The key data products are aligned CRAM files and indexes, or unaligned CRAM files. However per study (a LIMS datum) pipeline configuration allows for the creation of GATK gVCF files, or the running for external tool/pipeline e.g. ncov2012-artic-nf

"central" pipeline

Within this DAG there are two step which are key in producing the main data products:

  • p4_stage1_analysis processes data at the lane level within a flowcell/run: includes conversion of instrument output (BCL files) to BAM format, demultiplexing of data within a lane to tagged libraries, alignment with any spiked phiX, (for some instrument types) detection of indel inducing fluidics bubbles and marking reads with fail bit, and (for some instrument types) detection and marking of sequencing adapter.
  • seq_alignment processes data at tagged library, or lane and tagged library, level: includes alignment to the target genome (or not), a naive human read filtering capability, splitting of human target data by autosome/allosome capability, (for some instrument types) removal of marked adapter pre-alignment and pasting post-alignment (so there is no loss of instrument basecalls or quality data), duplicate marking, and creation of standard sequencing metrics files.

Archival Pipeline

Archives sequencing data (CRAM files) and other related artifacts e.g. index files. QC metrics. It is labeled the "post_qc_review" pipeline.

"post_qc_review" pipeline

Pipeline Script Outputs

Log file - in the run folder (as in the current pipeline). Example: /nfs/sf55/IL_seq_data/outgoing/path_to_runfolder/bin_npg_pipeline_central_25438_20180321-080455-2214166102.log

File with JSON serialization of definition objects - in the analysis directory directory. Example: /path_to_runfolder/bin_npg_pipeline_central_25438_20180321-080455-2214166102.log.json

File with saved commands hashed by function name, LSF job id and array index - in the analysis directory. Example: /path_to_runfolder/Data/Intensities/BAM_basecalls_20180321-075511/bin_npg_pipeline_central_25438_20180321-080455-2214166102.log.commands4jobs.json

Dependencies

This software relies heavily on the npg_tracking software to abstract information from the MLWH and instrument runfolder, and coordination of the state of the run.

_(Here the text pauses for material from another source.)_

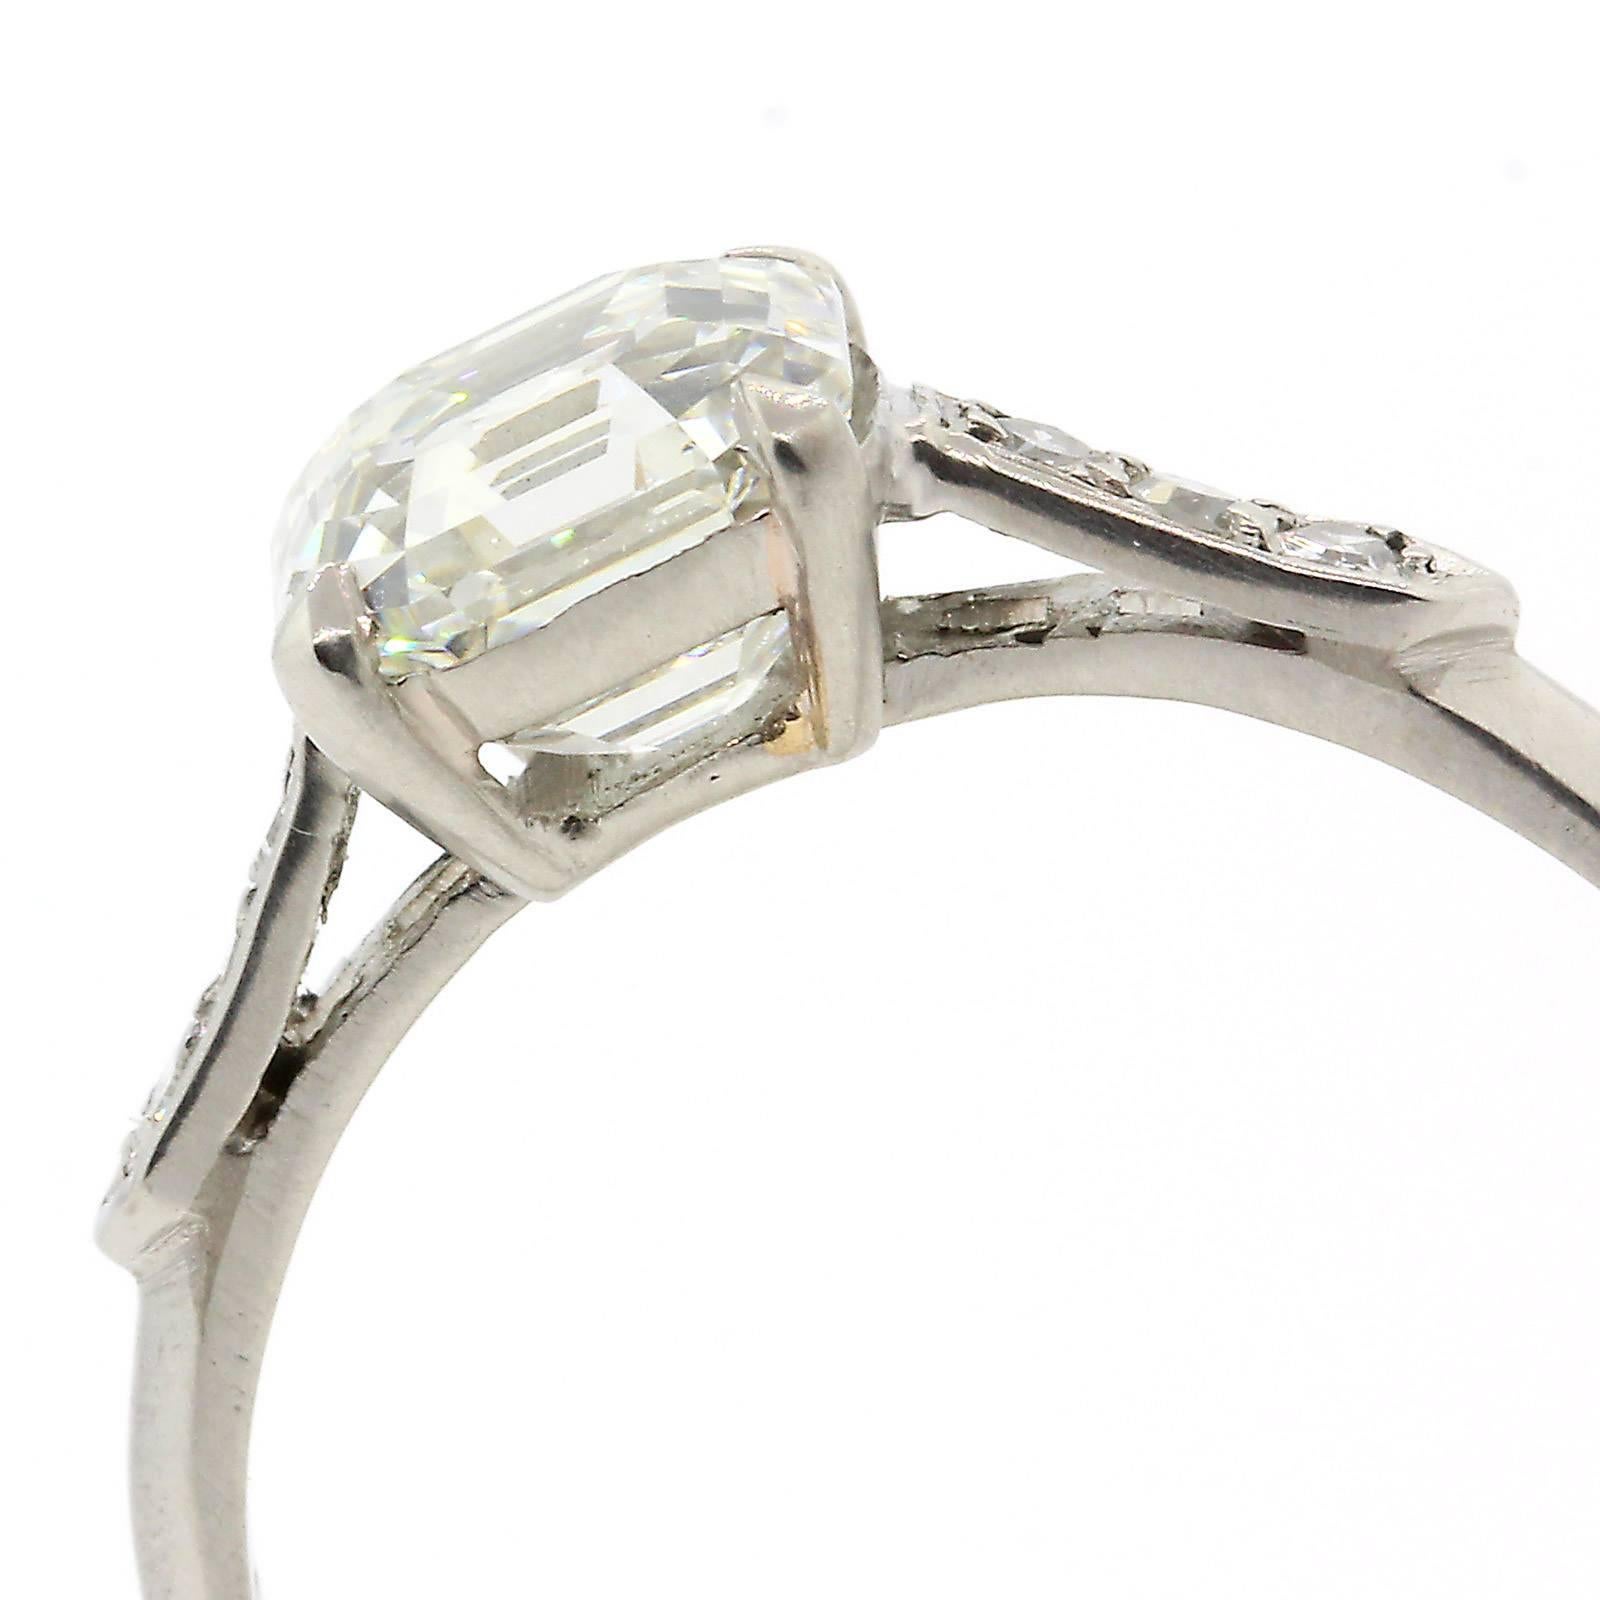 The ideal engagement diamond ring!  This 1940s platinum ring features an old  1.53 carats Asscher Cut Diamond, G.I.A. evaluated as J color - VS2 clarity, and accented on each side by old Single Cut Diamonds.   She Will Love It!

This software integrates heavily with the npg_qc system for calculating and recording for internal display QC metrics for operational teams to assess the sequencing and upstream processes.

For the data processing intensive steps, p4_stage1_analysis and seq_alignment, the p4 software is used to provide disk IO minimised processing of many informatics tools in streaming data flow DAGs.

Also, the npg_irods system is essential for the internal archival of data products.